Australian politician (born 1984)

Aaron Violi (born 6 August 1984) is an Australian politician. He is a member of the Liberal Party and has served in the House of Representatives since the 2022 federal election, representing the Victorian seat of Casey.

==Early life and education==
Violi was born in Canberra after his family emigrated from Italy to Silvan, Victoria in 1953. He was educated at Yarra Glen Primary School and Mount Lilydale Mercy College. He attained a Bachelor of Arts (with Honours) at La Trobe University, then a Masters of Business Administration (MBA) at Deakin University.

==Pre-political career==
After graduating in 2007, Violi commenced work with food manufacturer Yarra Valley Snack Foods, leading the sales team for seven years, before moving to Mars Australia. In 2019, he transitioned into the digital economy taking up a role at a tech startup, Ritual.

==Politics==
Before standing for parliament himself, Violi worked as an adviser to Victorian Liberal Party Senator James Paterson.

Violi was elected to represent Casey on 21 May 2022 replacing the retired Tony Smith. He was elected with a margin of 1.5 percent.

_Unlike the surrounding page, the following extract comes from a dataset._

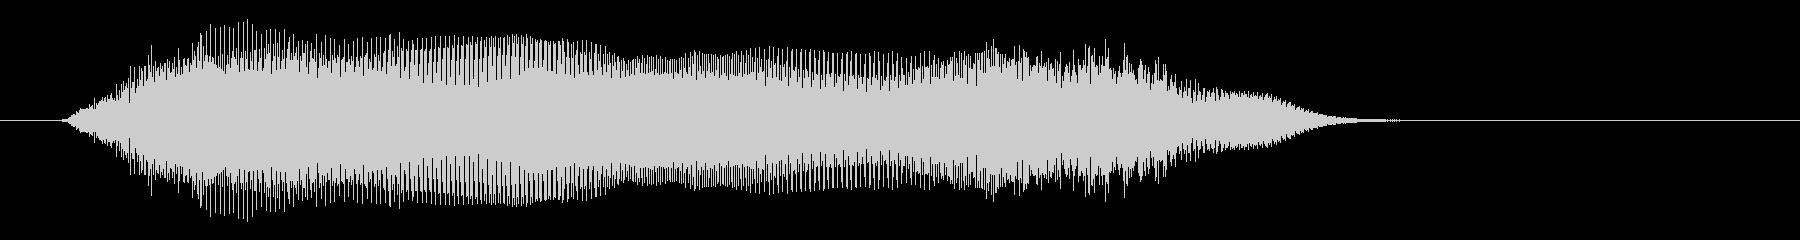 宇宙や近未来感の音(ワープ、マシーン)の未再生の波形

Violi was re-elected in the 2025 Australian federal election, defeating the Labor candidate with 52.9 percent of the two party preferred vote. After the election Violi was appointed as the Liberal Party's chief whip in the House of Representatives. In October 2025, Violi was also appointed as Shadow Assistant Minister for Communications in the Ley shadow ministry.

As of October 2025, Violi is aligned with the ‘old guard' National Right faction of the Liberal Party.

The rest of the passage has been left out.